We test our CQL implementation on two example tasks (different from author's version, we use v4 instead of v0; one epoch means 10k gradient step):
| Task | Online QRDQN | Behavioral | CQL | parameters |
| ---------------------- | ---------- | ---------- | --------------------------------- | ------------------------------------------------------------ |
| PongNoFrameskip-v4 | 20.5 | 6.8 | 19.5 (epoch 5) | `python3 atari_cql.py --task "PongNoFrameskip-v4" --load-buffer-name log/PongNoFrameskip-v4/qrdqn/expert.hdf5 --epoch 5` |
| BreakoutNoFrameskip-v4 | 394.3 | 46.9 | 248.3 (epoch 12) | `python3 atari_cql.py --task "BreakoutNoFrameskip-v4" --load-buffer-name log/BreakoutNoFrameskip-v4/qrdqn/expert.hdf5 --epoch 12 --min-q-weight 50` |
We reduce the size of the offline data to 10% and 1% of the above and get:
Buffer size 100000:
| Task | Online QRDQN | Behavioral | CQL | parameters |
| ---------------------- | ---------- | ---------- | --------------------------------- | ------------------------------------------------------------ |
| PongNoFrameskip-v4 | 20.5 | 5.8 | 21 (epoch 5) | `python3 atari_cql.py --task "PongNoFrameskip-v4" --load-buffer-name log/PongNoFrameskip-v4/qrdqn/expert.size_1e5.hdf5 --epoch 5` |
| BreakoutNoFrameskip-v4 | 394.3 | 41.4 | 40.8 (epoch 12) | `python3 atari_cql.py --task "BreakoutNoFrameskip-v4" --load-buffer-name log/BreakoutNoFrameskip-v4/qrdqn/expert.size_1e5.hdf5 --epoch 12 --min-q-weight 20` |
Buffer size 10000:
| Task | Online QRDQN | Behavioral | CQL | parameters |
| ---------------------- | ---------- | ---------- | --------------------------------- | ------------------------------------------------------------ |
| PongNoFrameskip-v4 | 20.5 | nan | 1.8 (epoch 5) | `python3 atari_cql.py --task "PongNoFrameskip-v4" --load-buffer-name log/PongNoFrameskip-v4/qrdqn/expert.size_1e4.hdf5 --epoch 5 --min-q-weight 1` |
| BreakoutNoFrameskip-v4 | 394.3 | 31.7 | 22.5 (epoch 12) | `python3 atari_cql.py --task "BreakoutNoFrameskip-v4" --load-buffer-name log/BreakoutNoFrameskip-v4/qrdqn/expert.size_1e4.hdf5 --epoch 12 --min-q-weight 10` |
2021-05-18 22:29:56 -07:00
# CRR
To running CRR algorithm on Atari, you need to do the following things:
- Train an expert, by using the command listed in the above QRDQN section;
- Generate buffer with noise: `python3 atari_qrdqn.py --task {your_task} --watch --resume-path log/{your_task}/qrdqn/policy.pth --eps-test 0.2 --buffer-size 1000000 --save-buffer-name expert.hdf5` (note that 1M Atari buffer cannot be saved as `.pkl` format because it is too large and will cause error);
- Train CQL: `python3 atari_crr.py --task {your_task} --load-buffer-name expert.hdf5` .

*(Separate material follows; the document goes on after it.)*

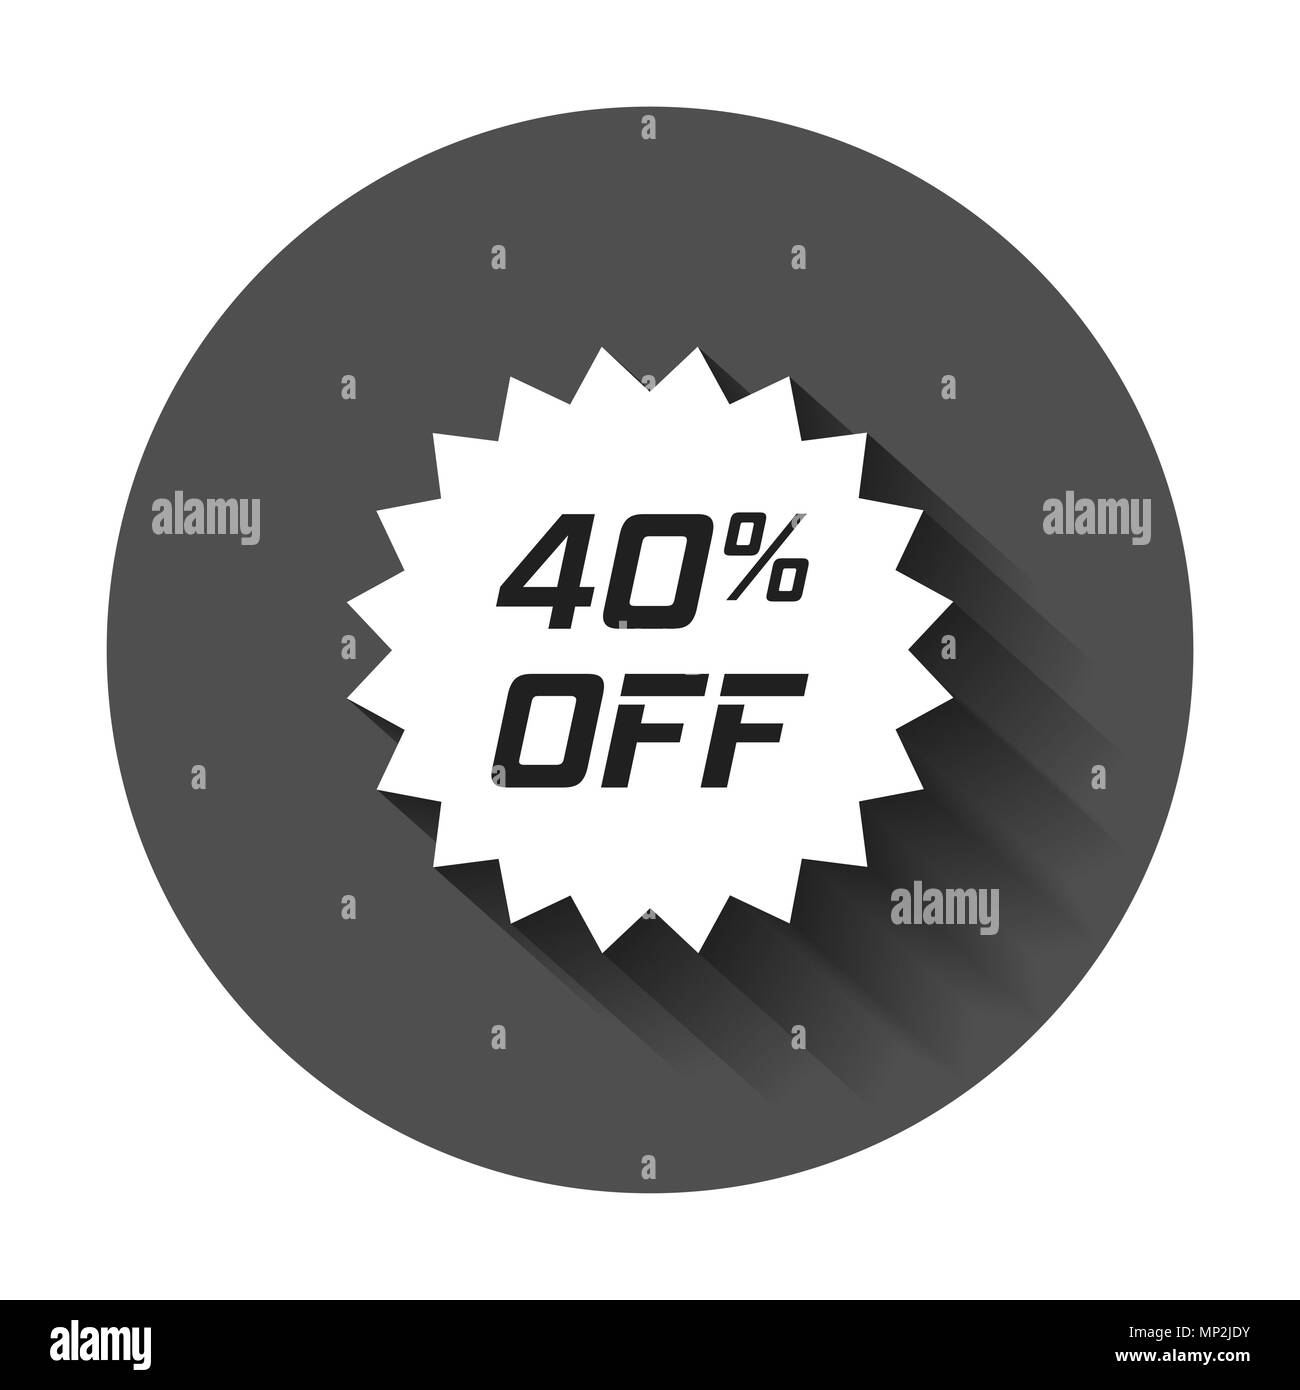 https://c8.alamy.com/comp/MP2JDY/discount-sticker-vector-icon-in-flat-style-sale-tag-sign-illustration-with-long-shadow-promotion-40-percent-discount-concept-MP2JDY.jpg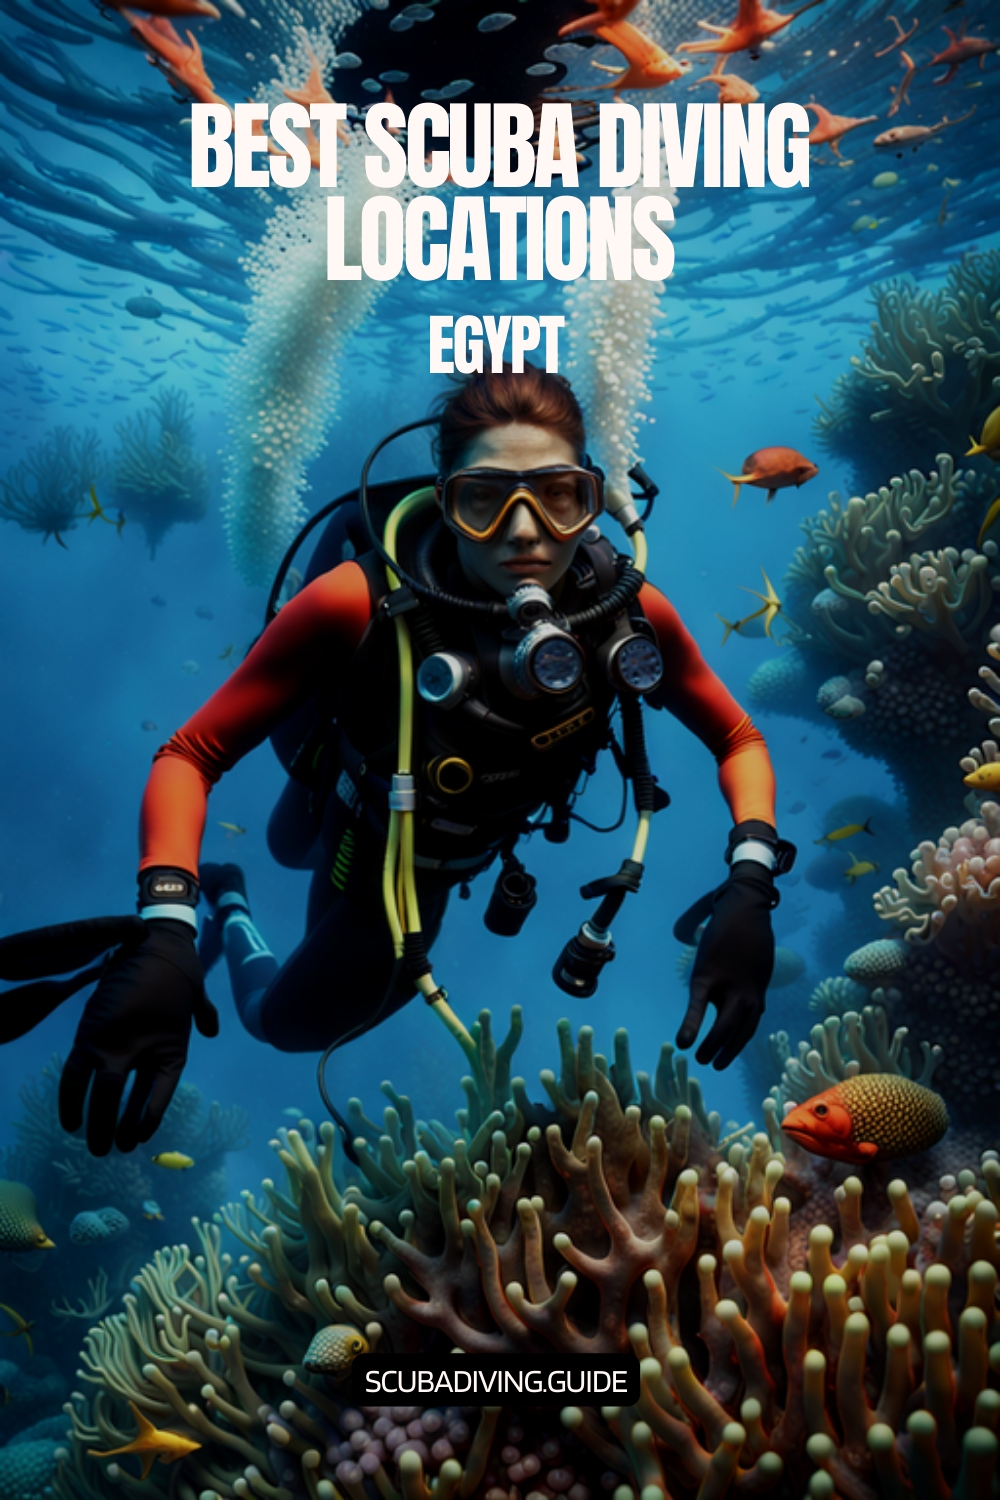 Scuba Diving Locations in Egypt

We test our CRR implementation on two example tasks (different from author's version, we use v4 instead of v0; one epoch means 10k gradient step):
| Task | Online QRDQN | Behavioral | CRR | CRR w/ CQL | parameters |
| ---------------------- | ---------- | ---------- | ---------------- | ----------------- | ------------------------------------------------------------ |
| PongNoFrameskip-v4 | 20.5 | 6.8 | -21 (epoch 5) | 16.1 (epoch 5) | `python3 atari_crr.py --task "PongNoFrameskip-v4" --load-buffer-name log/PongNoFrameskip-v4/qrdqn/expert.hdf5 --epoch 5` |
| BreakoutNoFrameskip-v4 | 394.3 | 46.9 | 26.4 (epoch 12) | 125.0 (epoch 12) | `python3 atari_crr.py --task "BreakoutNoFrameskip-v4" --load-buffer-name log/BreakoutNoFrameskip-v4/qrdqn/expert.hdf5 --epoch 12 --min-q-weight 50` |
Note that CRR itself does not work well in Atari tasks but adding CQL loss/regularizer helps.